Atomic spectroscopy finds extensive application in areas of atomic emission, atomic absorption and atomic fluorescence. In particular, spectrometers of the echelle variety, in which an echelle grating is used to disperse the radiation of interest, have proven to have certain advantageous characteristics, related to resolution and spectrometer design, when compared to spectrometers using conventional, high ruling density diffraction gratings. In an echelle spectrometer, greater resolution of the spectral lines derives from the fact that resolution increases as the diffraction order increases. Thus, the use of orders 20-90, for example, will yield greater resolution than the use of orders 1, 2 and 3, for example. Also, the physical size of the spectrometer is reduced by use of an echelle diffraction grating.
When using an echelle grating, the various diffraction orders normally lie essentially atop one another. A prism is commonly used to separate the orders after diffraction by the grating, and a two-dimensional pattern is formed at the focal plane in the spectrometer. The detector then comprises a two-dimensional surface containing sensing elements to detect the spectral lines.
Various types of optically-detecting semiconducting material devices have been used to collect and detect the photon signals present on focal planes of various configuration in analytical spectrometers. Linear and area arrays of photodiodes, charge-coupled devices, charge injection devices, and plasma coupled devices have been used to retrieve optical signals from conventional diffraction grating spectrometers as well as echelle grating spectrometers.
As one example of a charge-coupled device that has been employed to detect the two-dimensional diffraction patterns in echelle spectrometers, an x-y grid of pixels having 1000 rows and 1000 columns of pixels, or a total of 1,000,000 pixels, may be placed at the focal plane to detect the spectral lines. This arrangement has the advantage of being able to detect virtually all signals within the spectrometer, including background noise. Disadvantages of this form of detector include mismatch between the information sought and the detector array, loss of portions of the spectrum, and unnecessarily long read-out time. The two-dimensional diffraction pattern for continuous wavelength coverage at a given diffraction angle will form a "keystone" pattern, rather than a rectangle. The use of one or more x-y grid detectors means a mismatch of shapes between the detector and the diffraction pattern. Tradeoffs exist between underfilling/overfilling of the detector and loss of portions of the diffraction spectrum. In addition, because every pixel is read in the x-y grid, read-out time is high, even though most of the pixels will have no useful information.
Another version of solid-state detector is reflected in U.S. Pat. No. 4,820,048, to Barnard. Barnard, in effect, eliminates most of the pixels in the x-y grid, leaving small sets of linear CCD arrays positioned so as to receive only selected spectral lines and nearby background radiation. This drastic reduction in the number of pixels reduces the read-out time for the detector, but any radiation not falling at the selected line positions will not be sensed, decreasing the flexibility of this detector as compared to the x-y grid.
Therefore, an object of the present invention is to provide more efficient and effective means to match analytical spectral signals in a focal plane of an analytical spectrometer with semiconductor solid-state optical detector devices.

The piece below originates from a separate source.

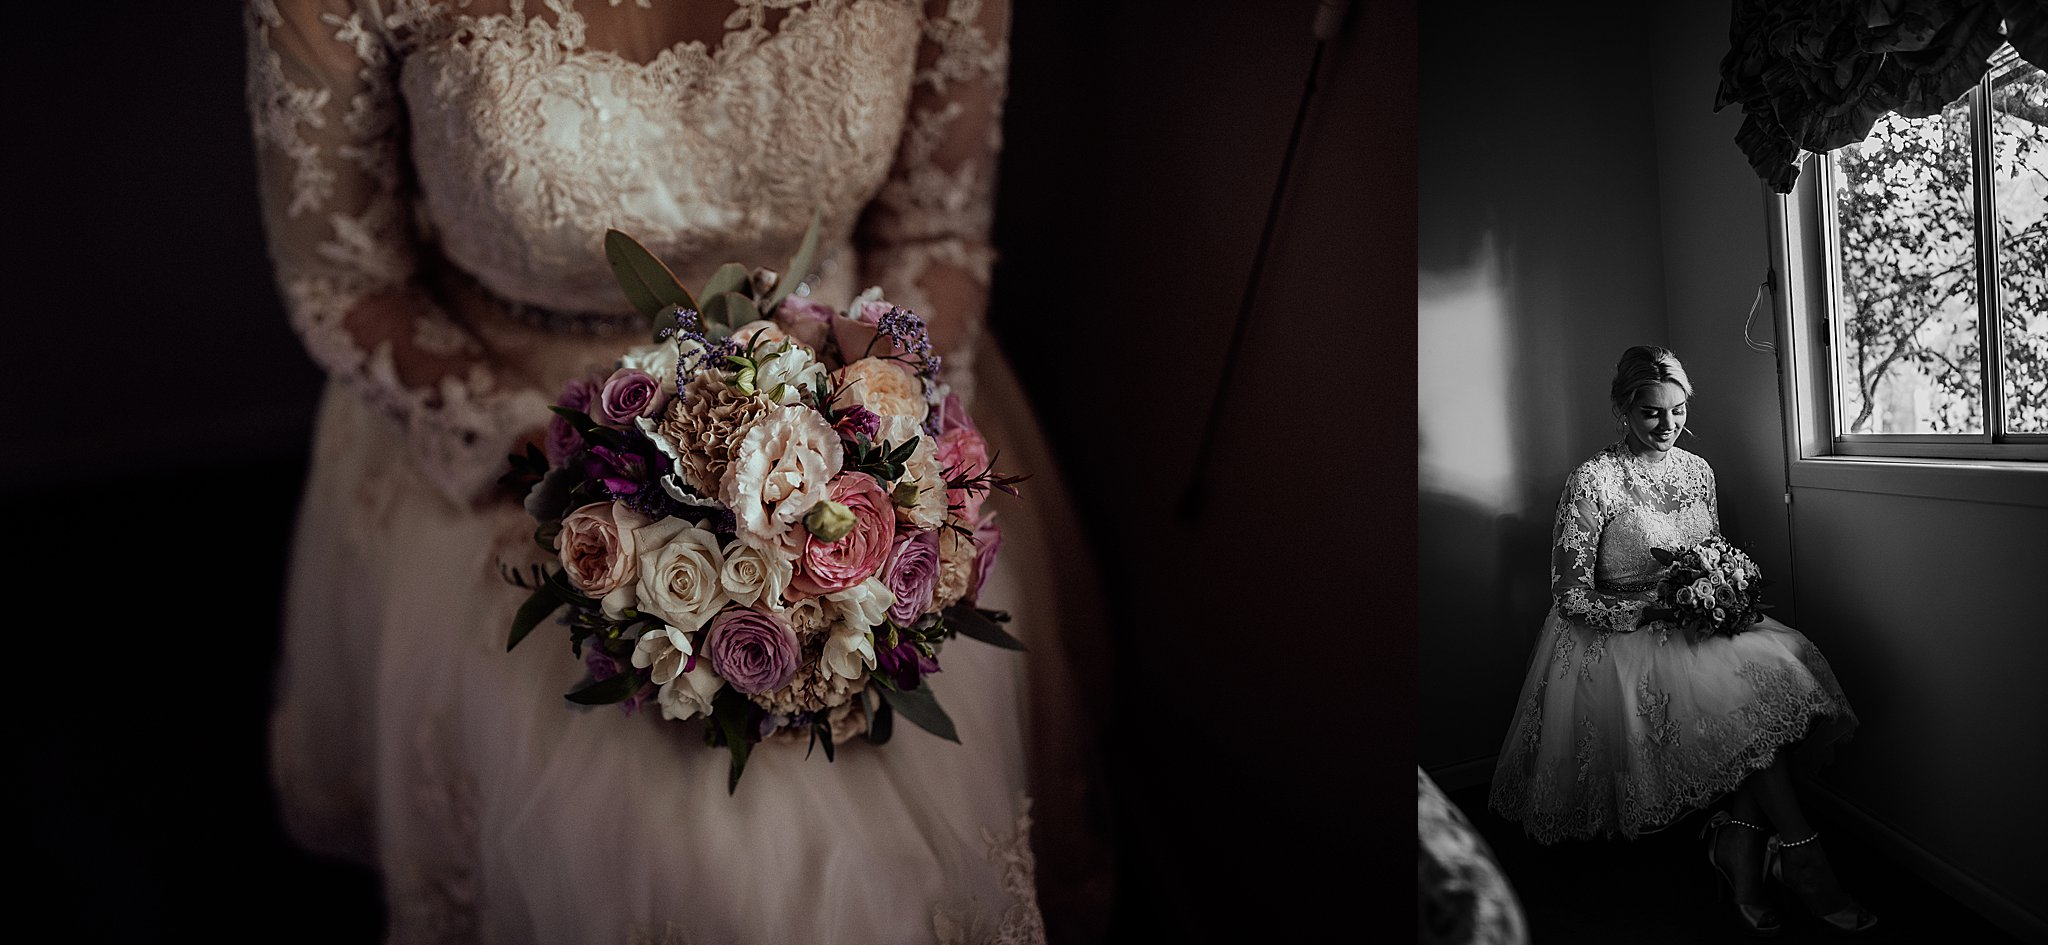 mickalathomas_puremacphotography_weddingphotographer_couplephotographer_Sheppartonphotographer_3385.jpg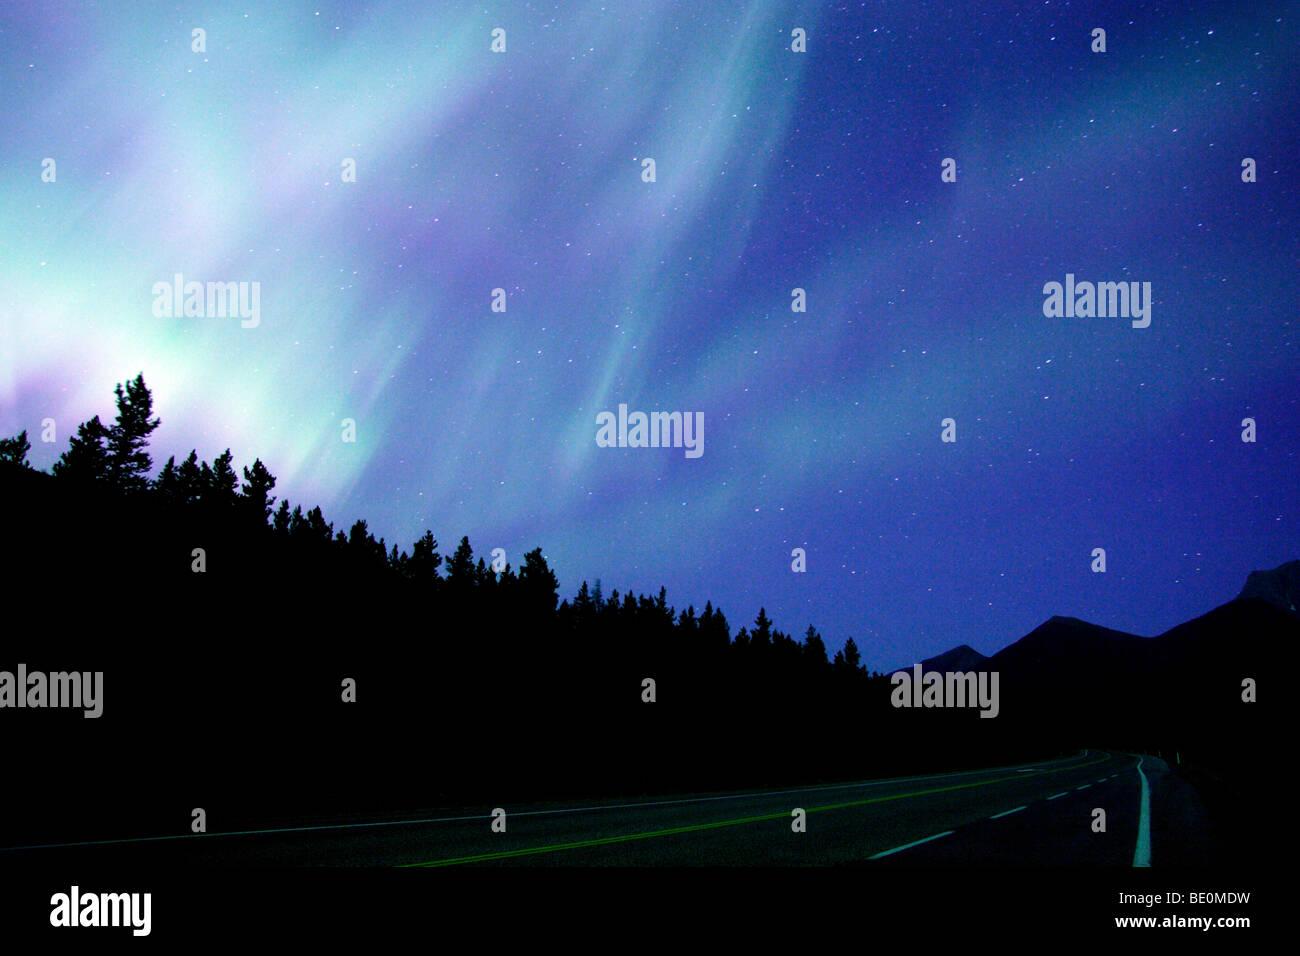 Northern Lights above highway at dusk - Stock Image

Another object of the present invention is to provide complete pixel coverage of each echelle diffraction order over the free spectral range at that diffraction angle while not unduly increasing the read-out time required.
Another object is to provide a detector having arrays of sensing elements positioned exactly along and on the locations of spectral signals on a focal plane of an echelle grating spectrometer.
Yet another object of the present invention is to provide a solid-state detector having skewed lines of pixels so that there is exact registry between the pixels and the configuration of the diffraction orders so there is continuous spectral coverage of the entire echelle grating focal plane which is produced by a particularly designed echelle grating spectrometer.
Still another object is to provide a detector having skewed lines of pixels, wherein each skewed line covers a specific diffraction order and has a number of pixels which is chosen to match the number of resolution elements available in that order over the free spectral range.
Another object is to provide a detector having skewed lines of pixels, wherein each skewed line covers a specific diffraction order and has a length which is chosen to match the length of that order of the free spectral range.
Another object is to provide a detector having skewed lines of pixels, wherein each skewed line covers a specific diffraction order and has pixels of sizes chosen to match the sizes of the resolution elements available in that order.
Still another object is to provide a detector having arrays of pixels along the locations of the diffraction orders such that the lines track the angles and the curvature of the diffraction orders as those angles and curvature change.
Another object of the invention is to provide a detector having pixels arranged along the locations of the diffraction orders so there is a continuous acceptance of spectral information across the orders.